Minor enhancements to MD workflow capabilities: **Thermalised trajectory support:** - Add `thermalised_trajectory` input parameter for equilibration trajectories - Enable starting production MD runs from pre-equilibrated configurations - Support separate thermalisation phases that don't affect final trajectory - Integrate with `get_last_step_from_trajectory` for equilibration endpoints **Workflow improvements:** - Add missing imports: WorkflowFactory, get_last_step_from_trajectory, md_utils - Enhanced trajectory validation with proper structure/formula checking - Improved preparation logic for both previous and thermalised trajectories - Better reporting for trajectory source identification **Input validation and setup:** - Extended `get_builder_from_protocol()` with thermalised_trajectory parameter - Enhanced `validate_md_parameters()` for thermalisation trajectory handling - Added recommendations for thermalisation when no trajectory provided - Improved trajectory compatibility checking across workflow restarts **Process preparation enhancements:** - Dual trajectory handling in `prepare_process()` method - Priority system: previous_trajectory > thermalised_trajectory > from scratch - Proper velocity extraction and settings propagation for both trajectory types - Clear reporting of trajectory source being used for MD initialization This enables MD workflows with separate equilibration and production phases, which is particularly useful in case one wants to first run a canonical MD to thermalise, and then run multiple microcanonical MDs starting from the thermalised configuration.
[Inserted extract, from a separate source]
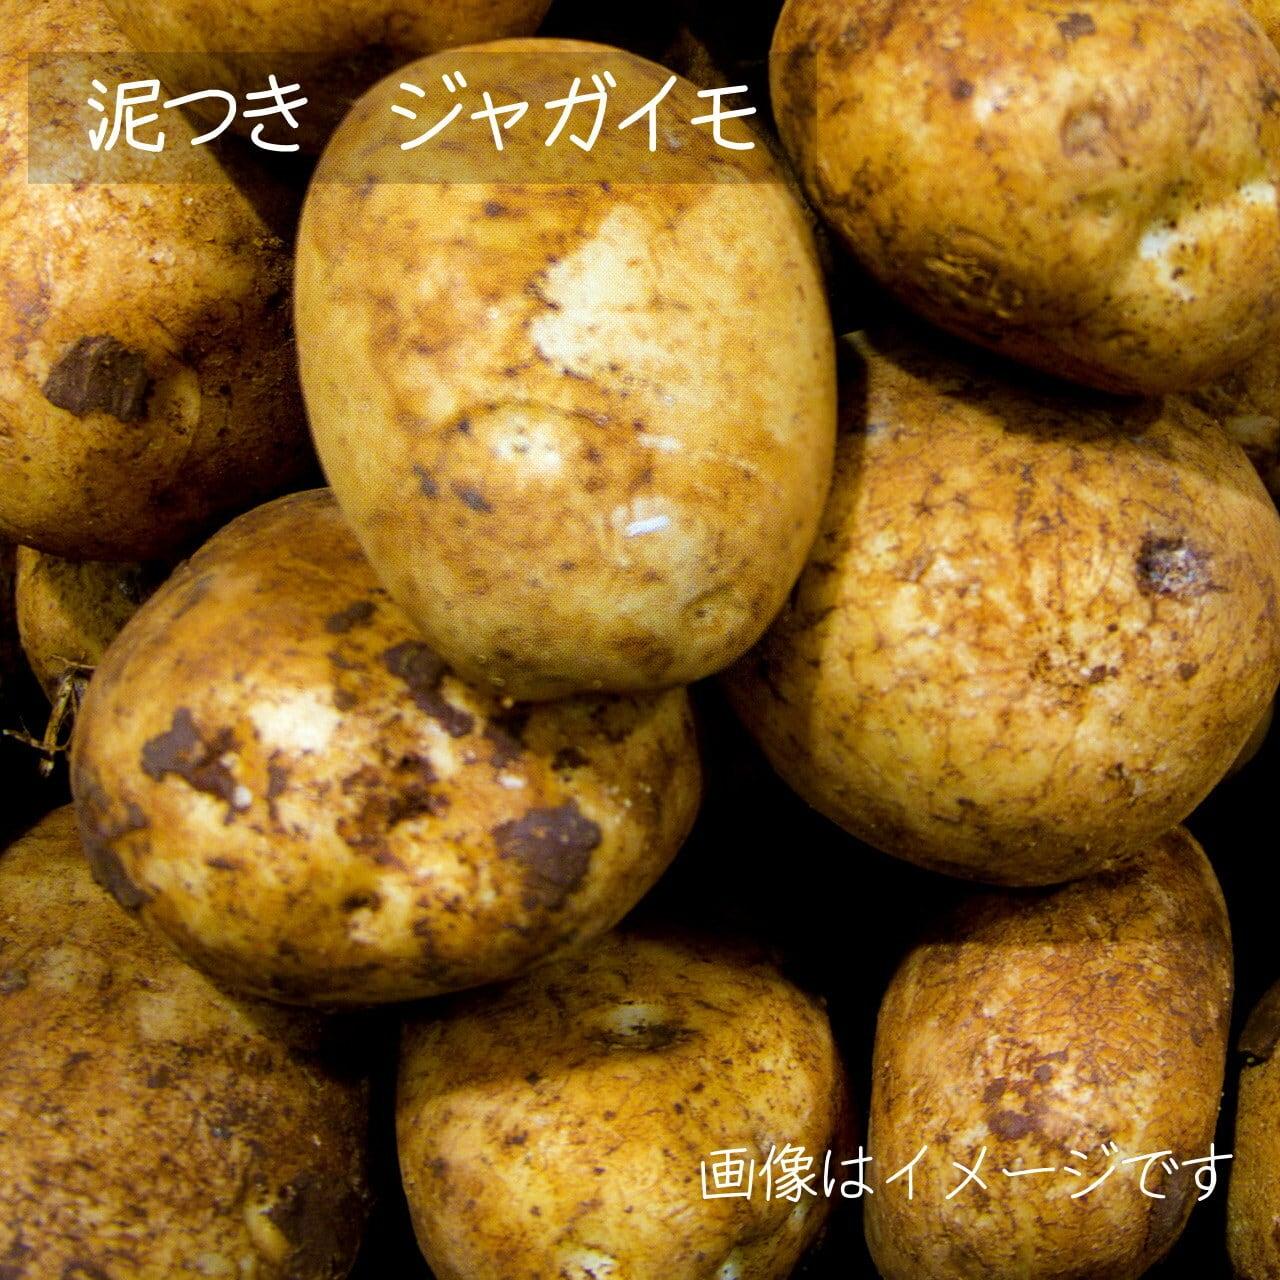 新鮮な秋野菜 : ジャガイモ 約600g 11月の朝採り直売野菜 11月7日発送予定

Bug: Parser was attempting to access 'md_parameters' key from parsed_trajectory dictionary without checking if it exists, causing KeyError exceptions for all non-MD calculations (SCF, relax, bands, etc.). Additionally, PwBaseWorkChain was unconditionally adding MD-specific parameters to all workflow protocols, including non-MD workflows like PwBandsWorkChain. Fix: - Use .pop('md_parameters', False) instead of .pop('md_parameters') in parser - Add proper validation before accessing md_parameters['dt'] - Only add MD parameters to protocols when calculation type is 'md'/'vc-md' - Provide sensible defaults when md_parameters is unavailable

Also updated the test to reflect this change. I recommend using gamma point only for MD simulations, but I believe it should be left to the user to decide, so here I use a very coarse k-point mesh as I assume the user will use a reasonably large supercell. Besides this, the only important change is setting up a good thermostat, in this case it is stochastic velocity rescaling with good time constant.

Forgot to do this before previous commits, so doing all of it now.

mbercx · 2025-10-22T00:43:14Z

Thanks @tsthakur! Great that you make the effort to contribute. 🙏 There's quite a few changes, so will need to block some time to have a closer look. Probably will only be after we do a stable v5.0 release, which is my priority at the moment. Would that be ok?

Two questions for now:

Would you have a Jupyter notebook/script that I can use to test these changes, and use as a start to add some documentation?
You were running a specific branch of QE, IIRC? For the flipper calculations? Are the changes here more general, i.e. do they support more recent QE versions?

tsthakur · 2025-10-22T12:36:19Z

Thank you @mbercx ! I understand the priorities. Although can I tempt you into incorporating MD workflow for v5.0 release ^_^

I attach a jupyert notebook here to run MD on a Silicon structure.
FPMD_test.ipynb

You were running a specific branch of QE, IIRC? For the flipper calculations? Are the changes here more general, i.e. do they support more recent QE versions?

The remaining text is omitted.